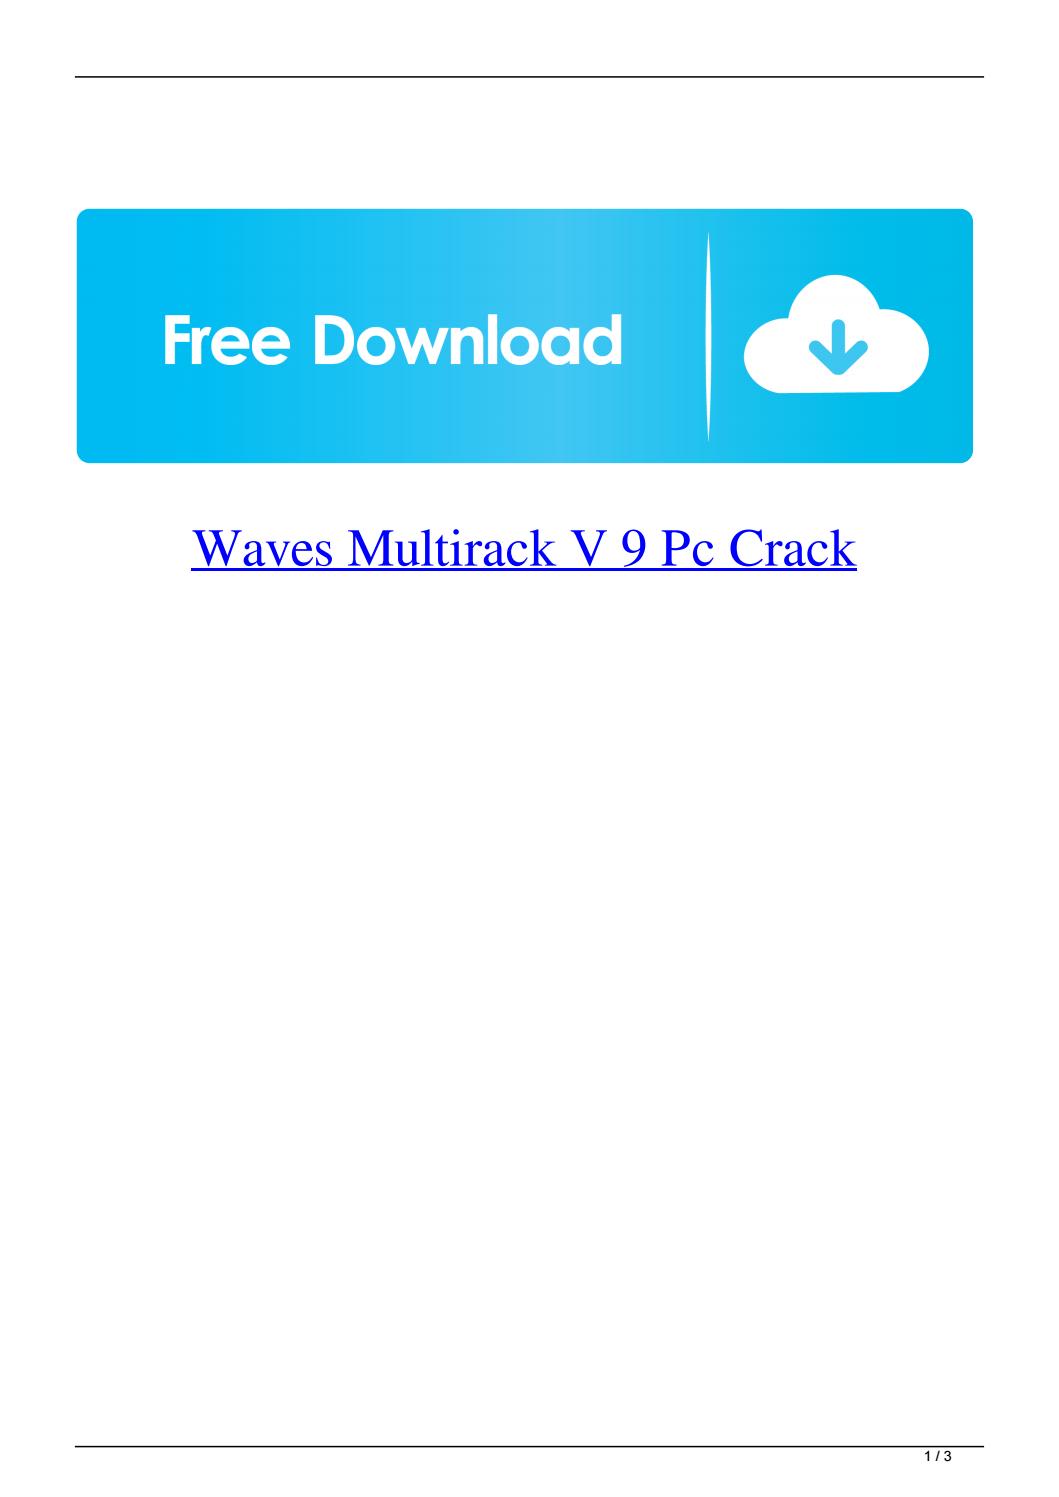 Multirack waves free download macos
• • • • •
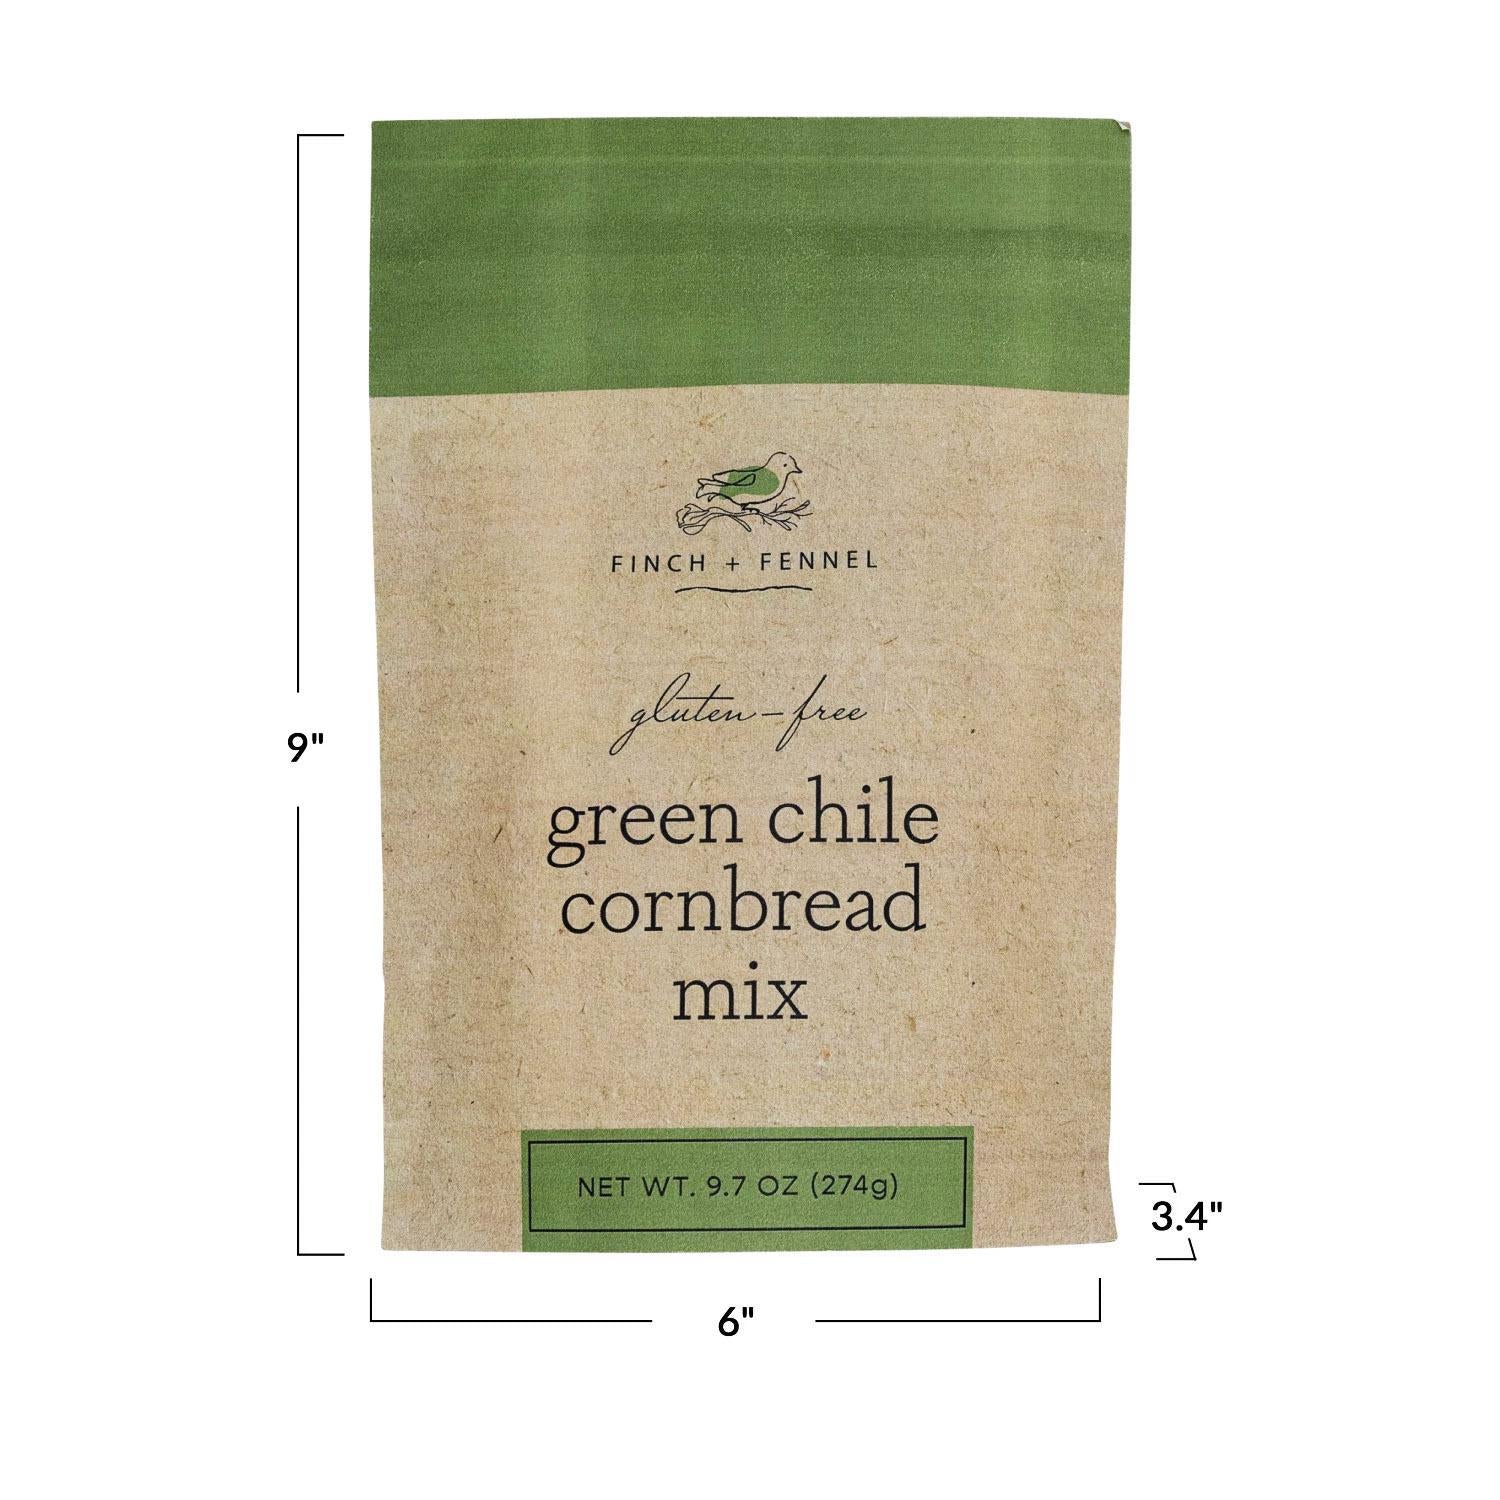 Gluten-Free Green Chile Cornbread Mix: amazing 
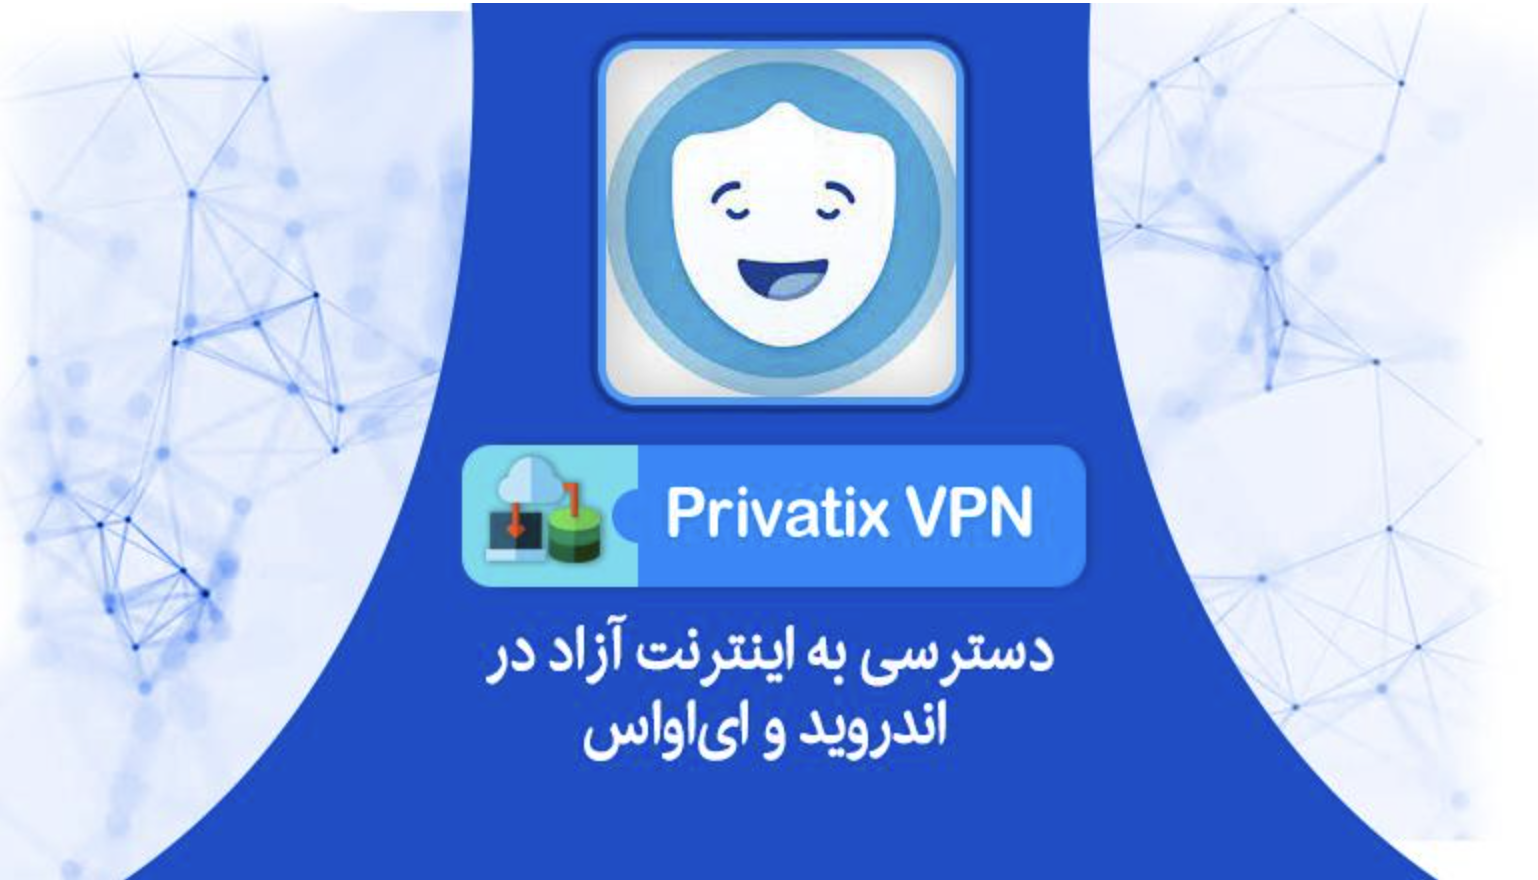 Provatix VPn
• • • • •
_Task item_
Once the line with "Gluten-Free Green Chile" is found in the data above, reproduce it and each line after it exactly, through the line with "Provatix VPn". Omit the pictures.

_Response below_
 Gluten-Free Green Chile Cornbread Mix: amazing 
 Provatix VPn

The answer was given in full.